Which to some extent is inevitable. Fields of inquiry wouldn’t exist if they had to continuously reinvent themselves from scratch. You can’t literally question everything. Further, tradition is a good thing to the extent that it propagates good practices. But it’s a bad thing to the extent that it propagates bad practices.
Of course, it’s rare that any widespread practice is just flat-out bad. Practices don’t generally become widespread unless there’s some good reason for adopting them. But even widespread practices have “occupational hazards”. Which presumably are difficult to recognize precisely because the practice is widespread. Widespread practices tend to lack critics. Criticisms of widespread practices tend to be ignored or downplayed on the understandable grounds of “nothing’s perfect” and “better the devil you know”.
Here’s one way to help you recognize when a widespread practice within your own field may be ripe for rethinking: look at whether the practice is used in other fields, and if not, what practices those other fields use instead to address the same problem. Knowing how things are done in other fields helps you look at your own field with fresh eyes.
As an example from ecology, consider randomization-based null models. By which I mean models that start with some observed data, and try to figure out what the data would have looked like in the absence of some ecological process (e.g. interspecific competition) by randomly shuffling the observations under some constraints. The idea is that the random shuffling will remove all and only the effects of the process of interest, while the constraints will retain the effects of other processes. If the randomized data resemble the observed data, that shows that the process of interest is absent or unimportant. See here, here, here, here, and here for discussion of various examples, such as mid-domain effect models.
Longtime readers will know that I’m critical of randomization-based “null” models as a tool for inferring process from pattern; I think they mostly don’t work for that purpose (follow the links above for discussion). But for purposes of this post, I’m more interested in how researchers in other fields approach the same problem. Do researchers in other fields use randomized “null” models the way ecologists do? If not, what do they use instead?
Researchers in other fields do often start with observed data and then use some model-based approach to subtract out the effects of some particular process on those data, thereby revealing what the data would have looked like in the absence of that process. But in every case I can think of (which I admit isn’t that many), the model is not a constrained randomization of the observed data. In many cases, it’s some independently-validated theoretical model of the process of interest. I’m thinking for instance of how astronomers use the Boltzmann equation and the Saha equation to subtract out the effects of ionization from observed stellar spectrograms in order to infer what stars are made of (see here and many other websites; this is a standard topic of undergraduate astronomy courses).* In other cases, the subtraction is based on independently-validated background knowledge. Think for instance of how opinion pollsters correct for the fact that some people are more likely to respond to polls by weighting their data based on independent knowledge of the population demographics (e.g., census data).

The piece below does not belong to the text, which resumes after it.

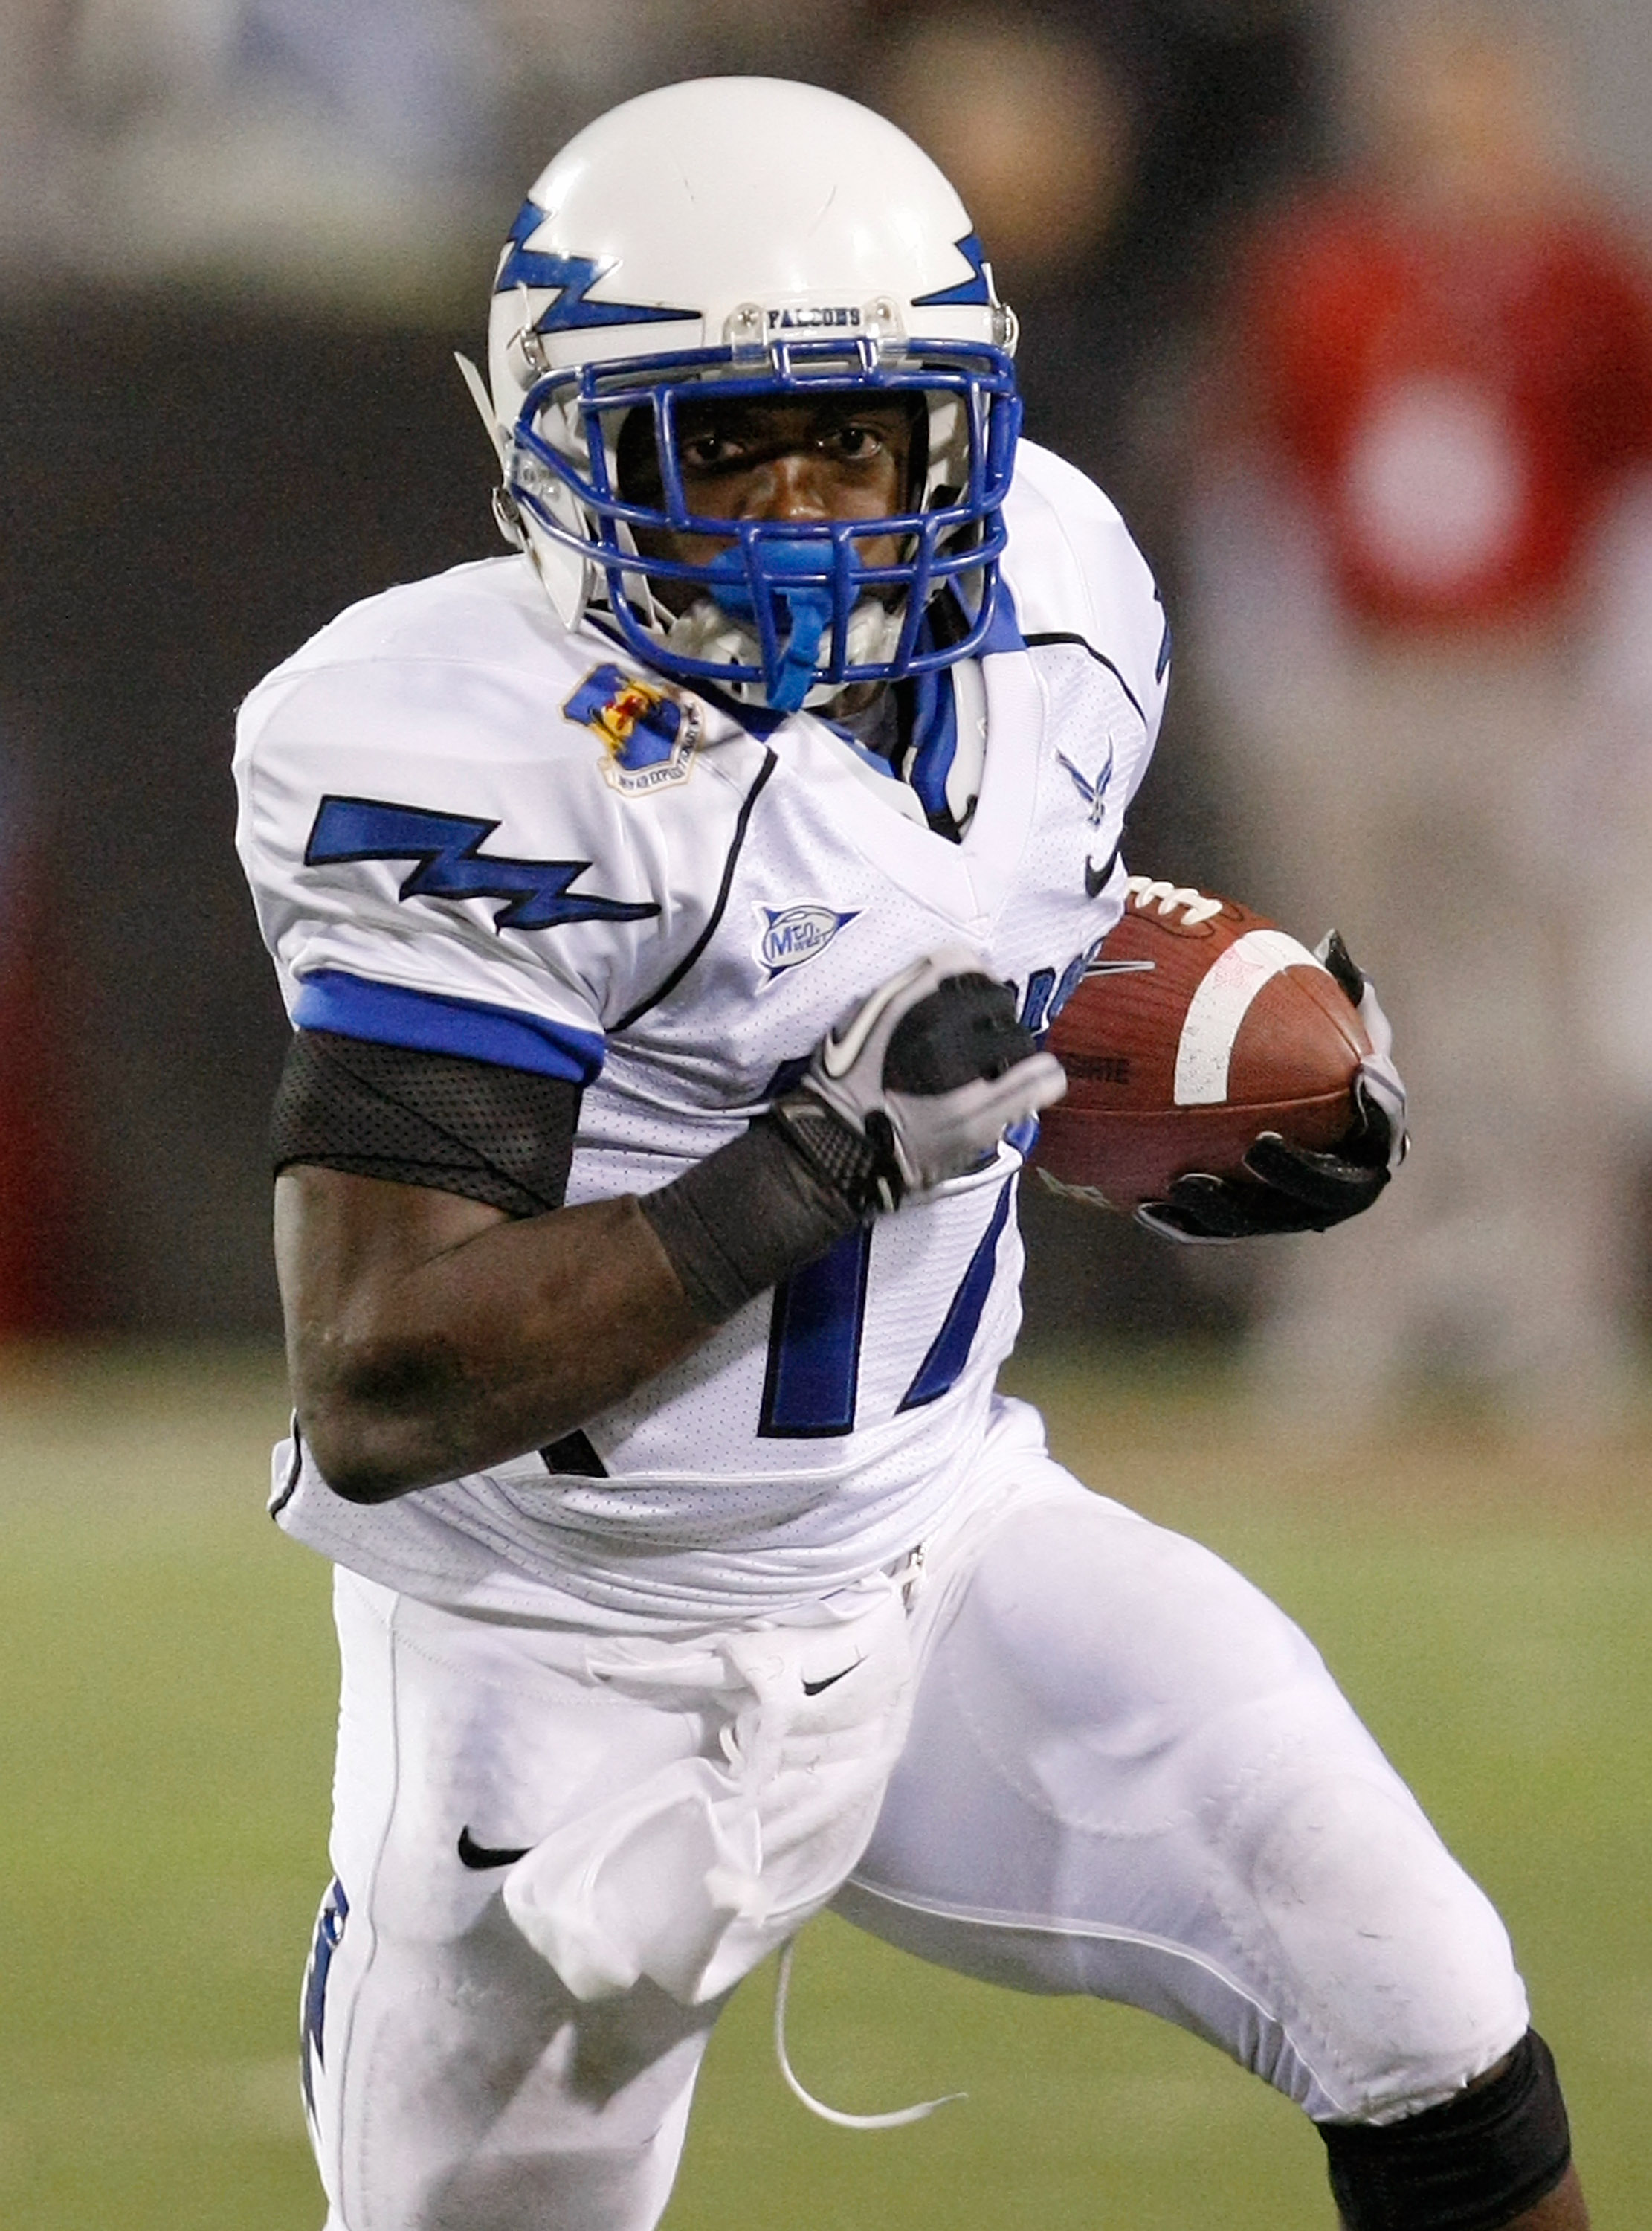 LAS VEGAS - NOVEMBER 18:  Asher Clark #17 of the Air Force Falcons runs for yardage against the UNLV Rebels during their game at Sam Boyd Stadium November 18, 2010 in Las Vegas, Nevada. Air Force won 35-20.  (Photo by Ethan Miller/Getty Images)

In looking into how other fields try to subtract out the effects of particular processes from their observed data, I’ve been struck that they never say or assume that the resulting data will be “random”. As far as I can tell, it’s only ecologists who ever think that correctly subtracting out the effects of process X from observed data would result in random data.
But maybe that just shows my ignorance of how other fields work. So here’s my question: do you know of any field besides ecology that uses randomization-based null models to try to subtract out the effects of particular processes from observed data?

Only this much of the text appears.